In vitro cultured primary intestinal macrophages express classical macrophage markers such as CD68 (A) and CD163 (B) but do not express T cell markers such as CD3 (C). All three panels are double labels with CD68 and CD163 in green and nuclear labeling with Topro3 in blue. Intestinal macrophages were infected with SIVmac251 and in situ hybridization confirmed the presence of viral RNA (D). Uninfected cells are negative for SIV (E). Both panels involve double labels with viral RNA (red) and Bopro1 (green) for nuclear staining. SIV-infected macrophages can be detected in the intestine as early as 10 days post SIV infection (F). Arrows point to SIV-infected (red) macrophages that express CD68 (blue), CD163 (green) or both.

To conclusively verify that miR-190b was upregulated in response to SIV replication we infected peripheral blood CD4⁺ T cells and primary intestinal macrophages with SIV and found significant upregulation of miR-190b in CD4⁺ T cells (Fig. 7A) and macrophages (Fig. 7B) by days two and four post infection, respectively. miR-190b expression in CD4⁺ T cells was normalized to a combination of RNU44 and RNU48 as it yielded better statistical significance (p= 0.0121) compared to RNU44 alone (p= 0.0367). These findings clearly demonstrate that SIV-infected CD4⁺ T cells and macrophages directly contribute to miR-190b upregulation.
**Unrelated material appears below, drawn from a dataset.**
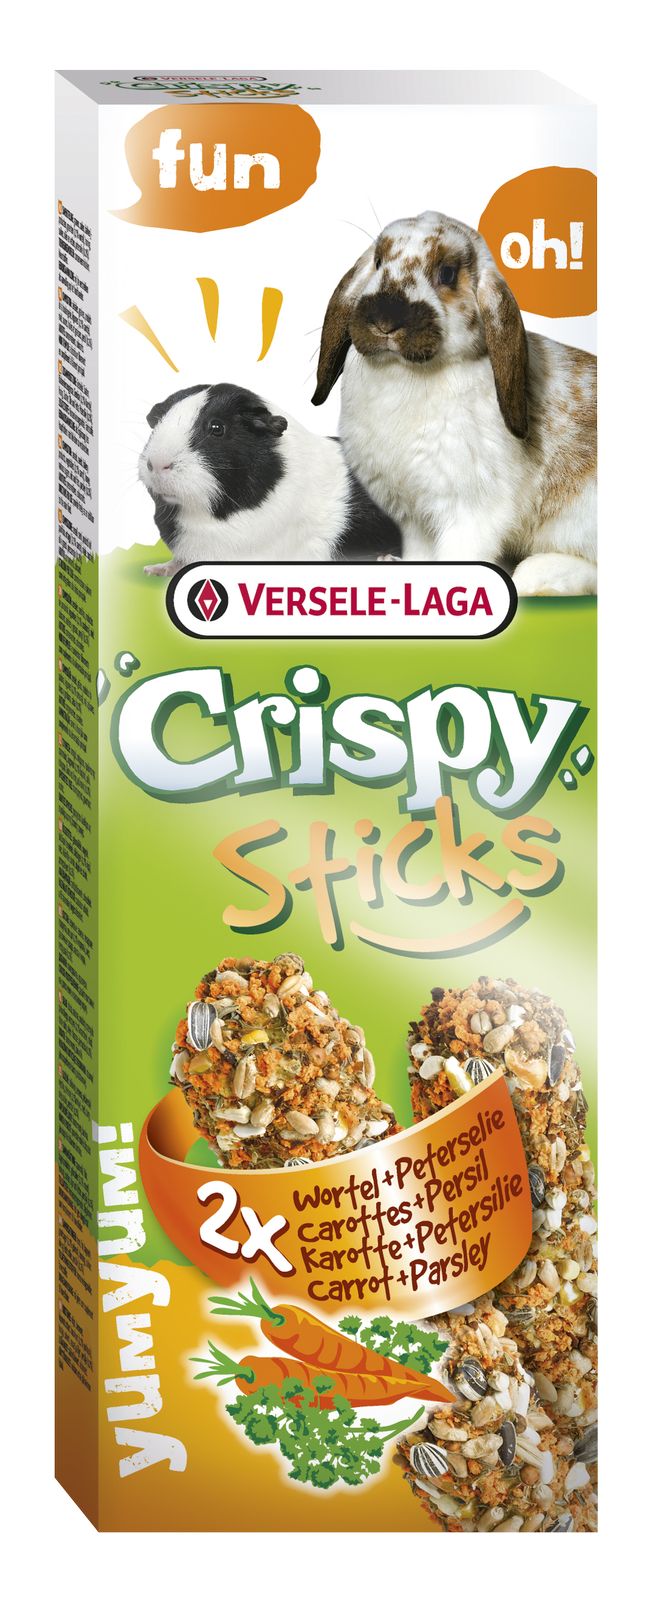 Crispy Sticks Karotte+Petersilie

In addition, the data also suggests that while SIV-infected CD4⁺ T cells are likely to be the primary cellular source of miR-190b uregulation during early acute infection (7-10 and 13-14 DPI), SIV-infected macrophages could contribute significantly to miR-190b uregulation at later time points and chronic infection.

FIGURE 7.

miR-190b expression was markedly elevated in in vitro cultured peripheral blood CD4⁺ T cells (A) (p= 0.0121) and primary jejunal macrophages (B) 2 and 4 days post SIV infection, respectively, suggesting that its upregulation occurs in response to SIV replication. Data was analyzed using non-parametric Wilcoxon's rank sum test for independent samples. Single asterisk (*) indicates statistical significance (p<0.05) compared to uninfected samples. The error bars represent standard error of mean fold change within each group. MTMR6 is a direct target of miR-190b (C-D). mRNA expression of MTMR6 is significantly decreased (p= 0.013) in intestinal macrophages 4 days post SIV infection (C). Data was analyzed using non-parametric Wilcoxon's rank sum test for independent samples. Single asterisk (*) indicates statistical significance (p<0.05) compared to uninfected macrophages. The error bars represent standard error of mean fold change within each group. miR-190b physically associates with the 3’ UTR of MTMR6 mRNA (D). The MTMR6 3′UTR sequences, wild type (WT) or mutated (MUT), were inserted into the multiple cloning sites situated in the 3′ end of firefly luciferase gene in the pmirGLO vector. HEK293 cells were co-transfected with 100 nM miR-190b mimic and 100 ng of luciferase reporter constructs containing WT- or MUT-MTMR6 3′UTR sequences. Firefly and Renila luciferase activities were detected using the Dual-Glo luciferase assay system 48 h after transfection. The ratio of luciferase activities (Firefly/Renilla) was calculated and normalized to the wells transfected with only unmanipulated pmirGLO vector. Double asterisks (**) indicate statistical significance (p<0.01).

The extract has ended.